START MATERIAL TO PROCESS
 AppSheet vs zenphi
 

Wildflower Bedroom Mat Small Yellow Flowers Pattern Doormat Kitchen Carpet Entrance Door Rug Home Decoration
END MATERIAL TO PROCESS
START MATERIAL TO PROCESS
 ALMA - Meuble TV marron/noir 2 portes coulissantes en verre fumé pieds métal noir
END MATERIAL TO PROCESS
* [BRIEF]
Set down exactly the lines of the data above, beginning with the line that has "AppSheet vs zenphi" and ending with the line that has "Wildflower Bedroom Mat", and no others.

* [EXERCISE ANSWER]
 AppSheet vs zenphi
 

Wildflower Bedroom Mat Small Yellow Flowers Pattern Doormat Kitchen Carpet Entrance Door Rug Home Decoration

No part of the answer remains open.